When you copy the material below, keep every line exact and leave each picture out.

Source data:
↓

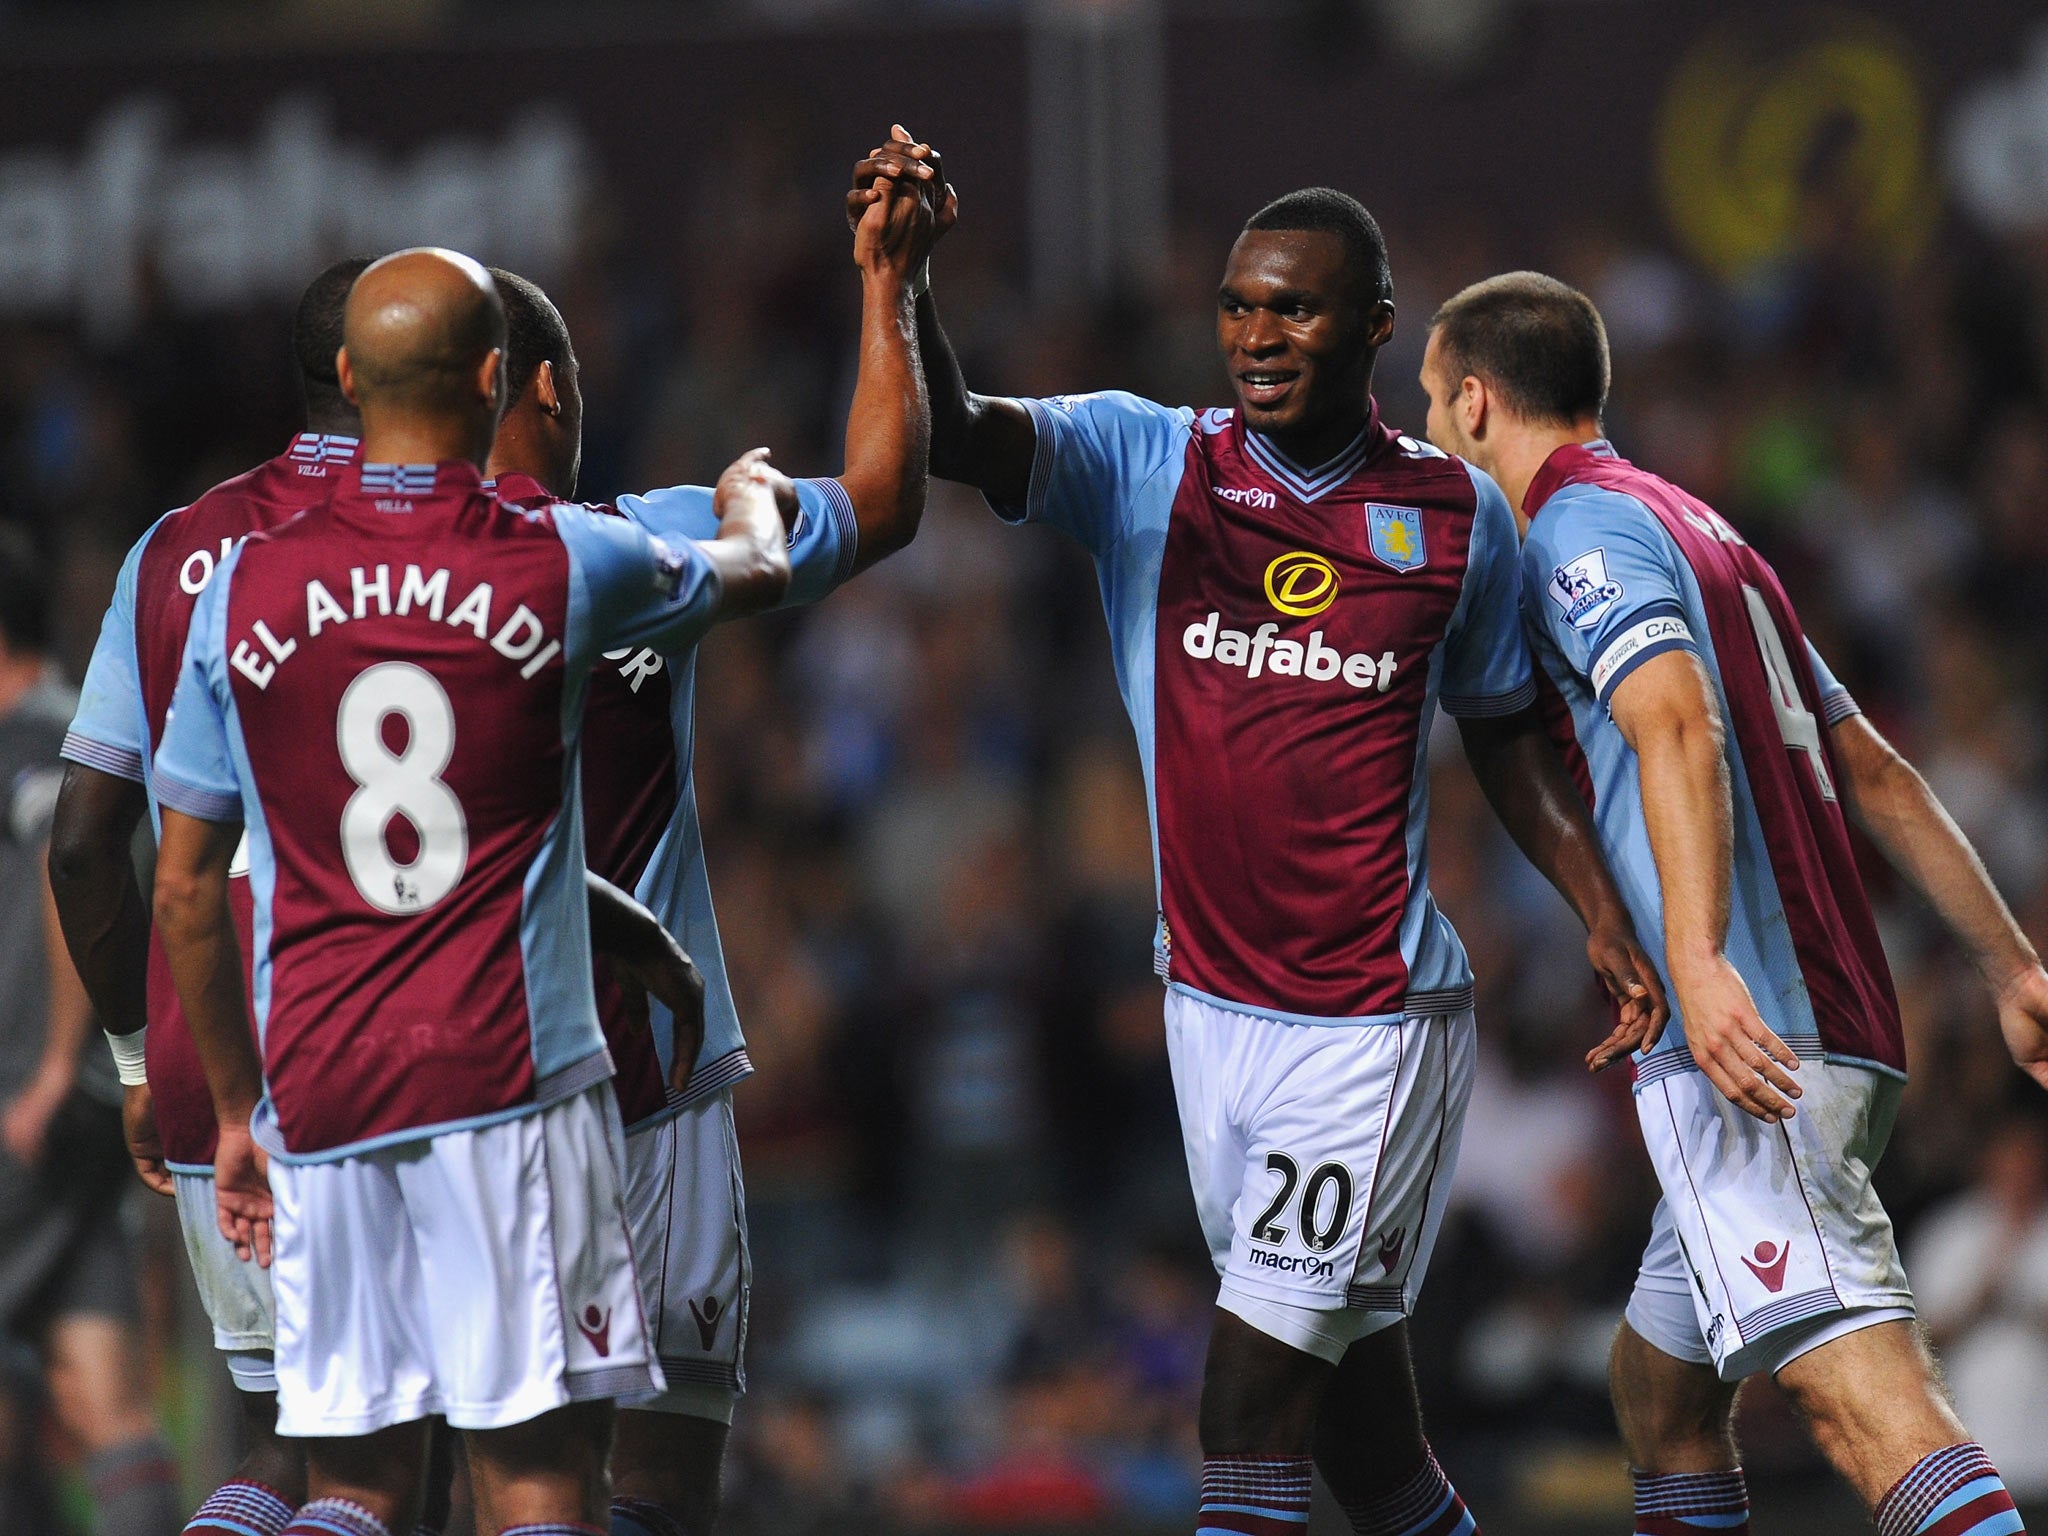 Aston Villa player Christian Benteke celebrates after scoring the second goal during the Capital One Cup second round match between Aston Villa and Rotherham
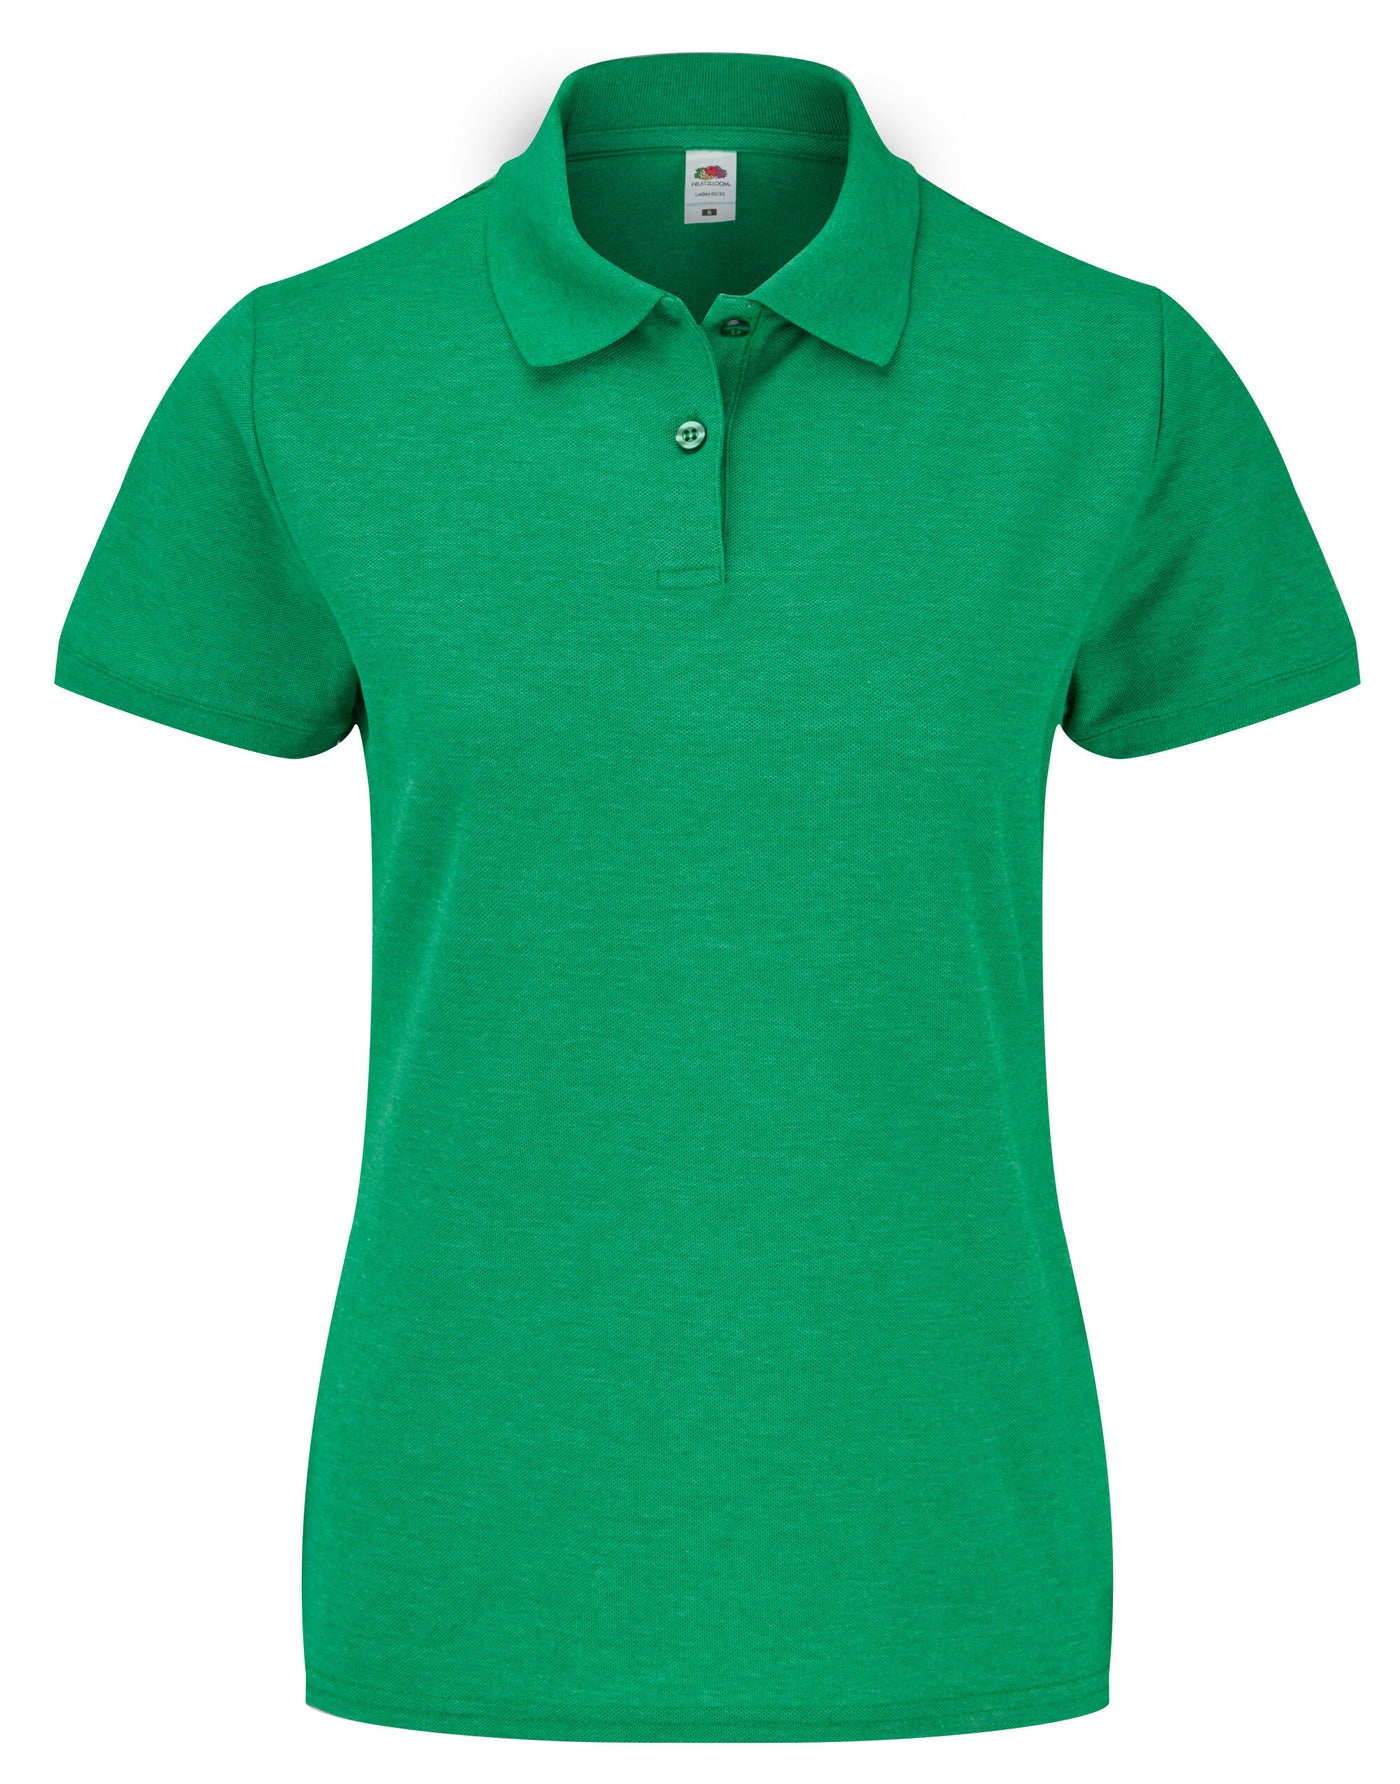 Ladies Fit Polo Shirt In Retro Heather Green
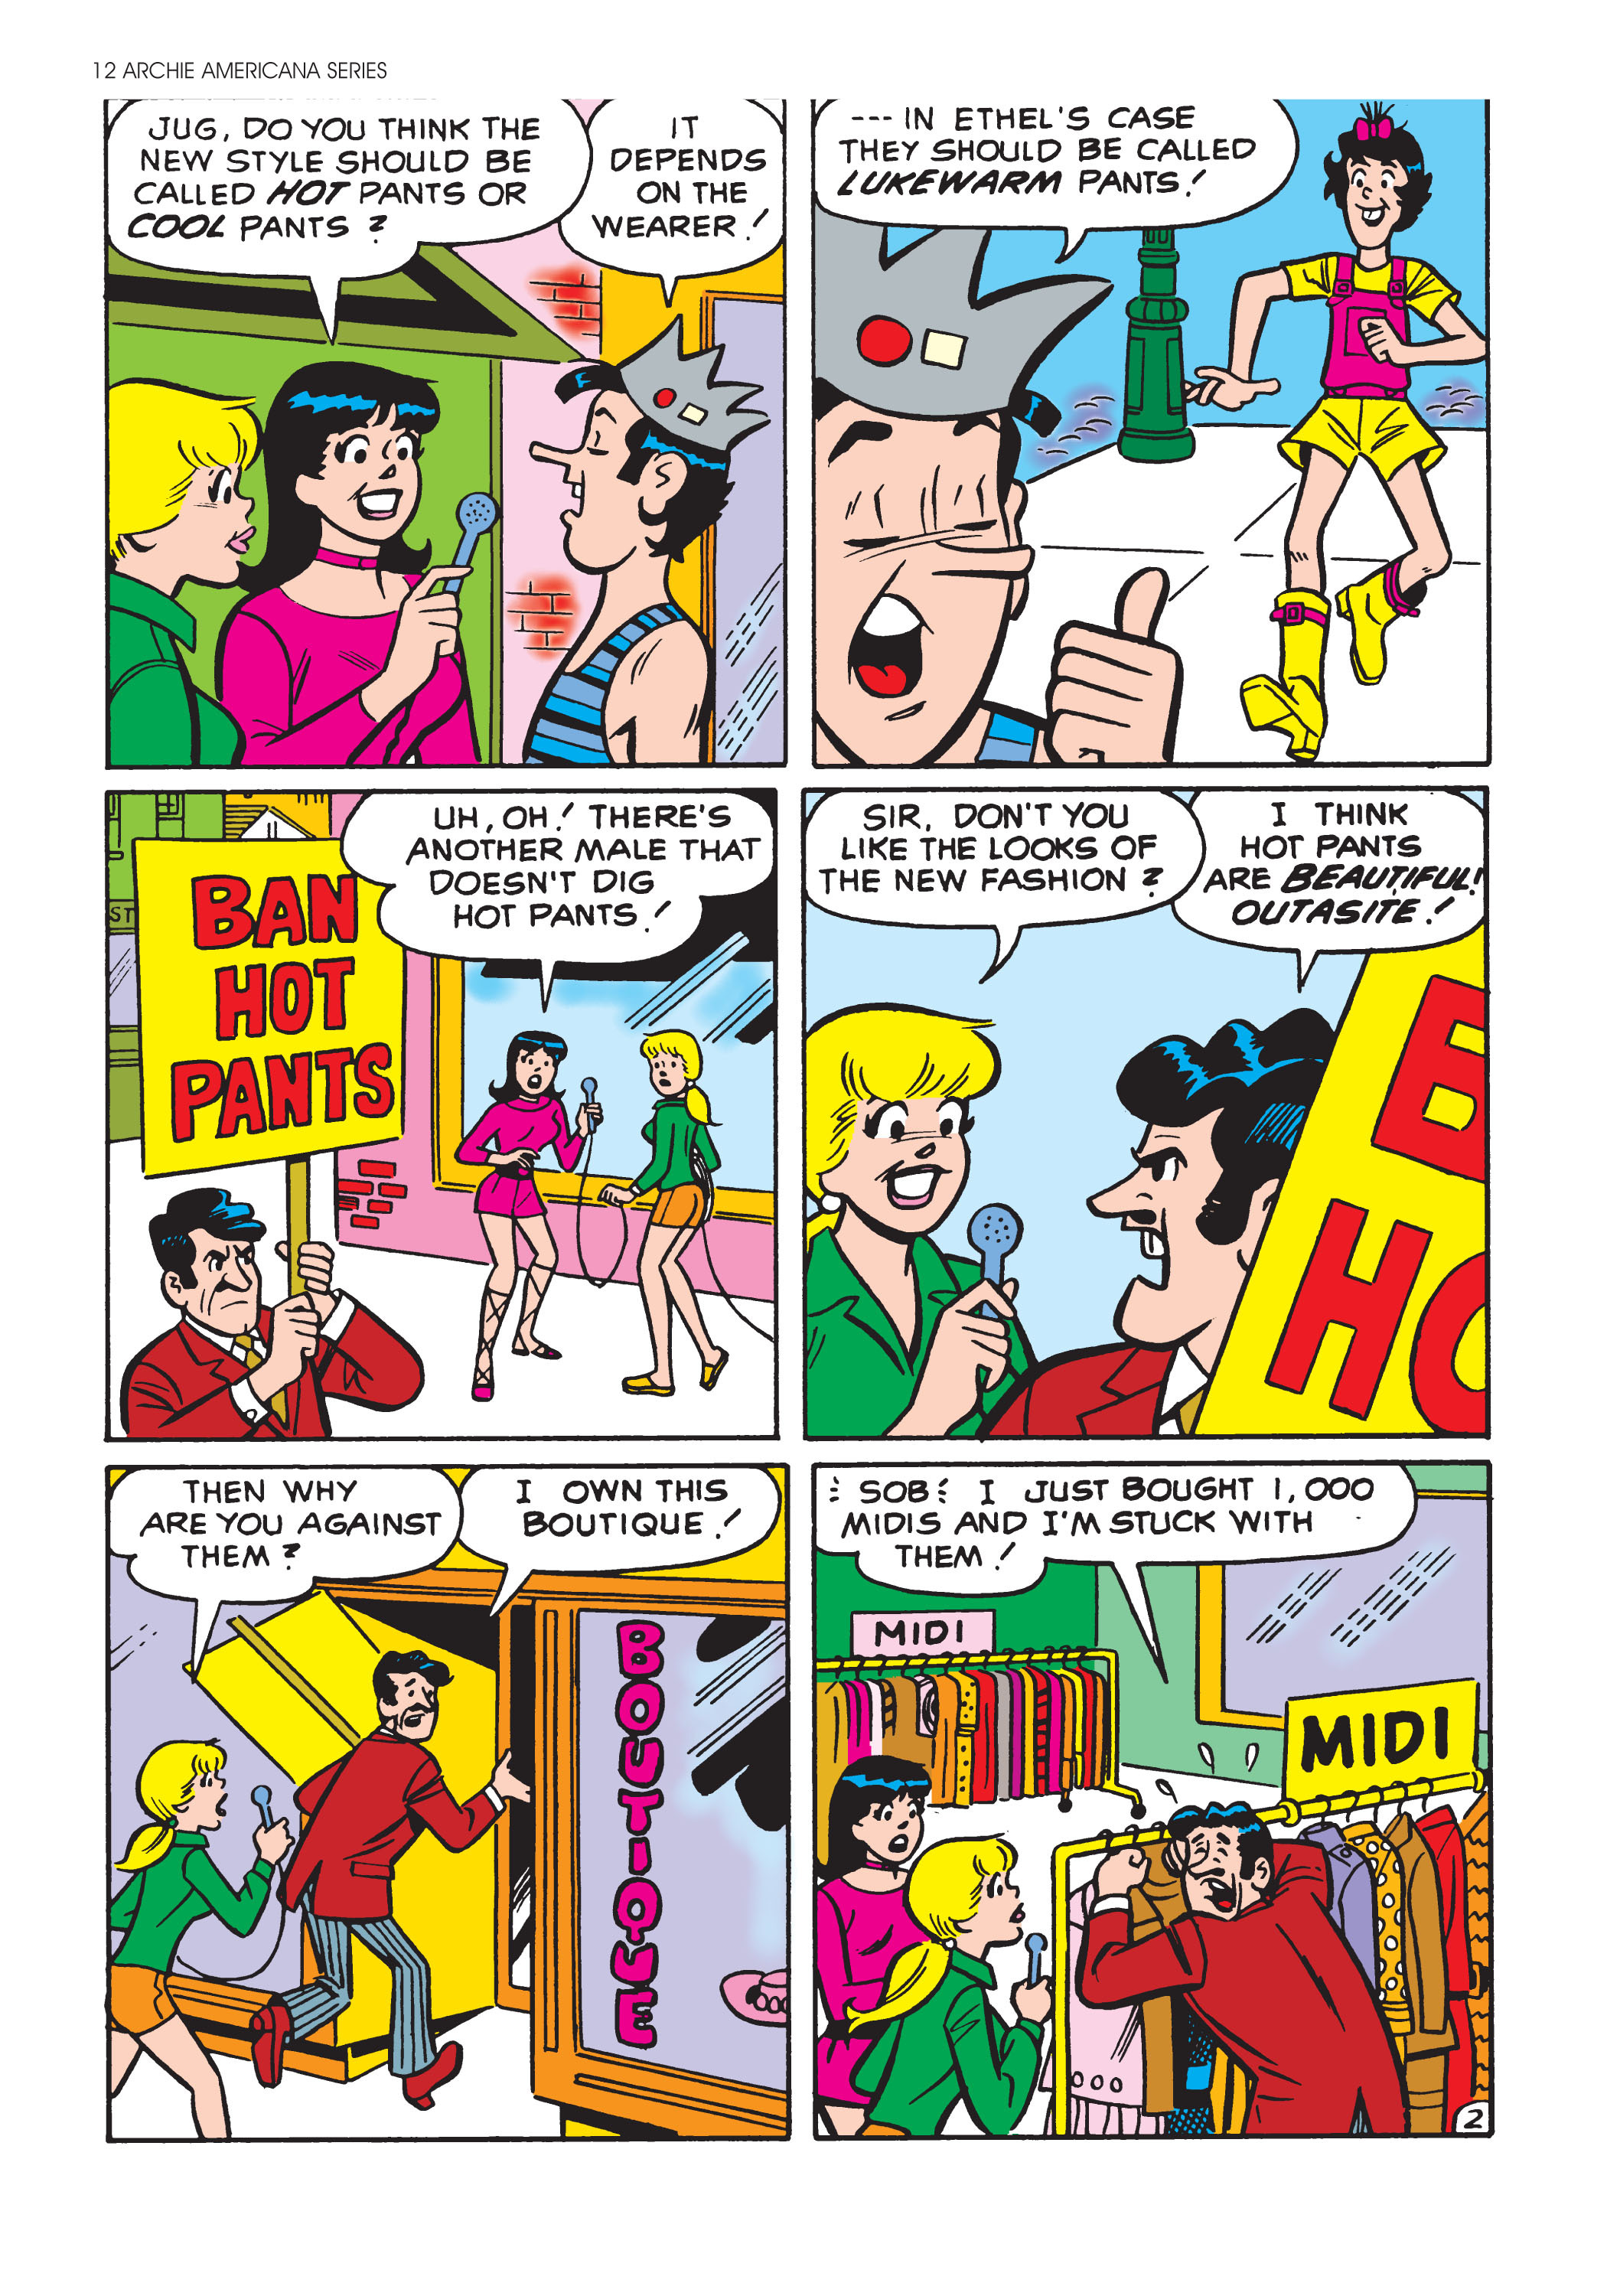 Read online Archie Americana Series comic -  Issue # TPB 4 - 14

↑

Finished exercise:
 Aston Villa player Christian Benteke celebrates after scoring the second goal during the Capital One Cup second round match between Aston Villa and Rotherham
 Ladies Fit Polo Shirt In Retro Heather Green
 Read online Archie Americana Series comic -  Issue # TPB 4 - 14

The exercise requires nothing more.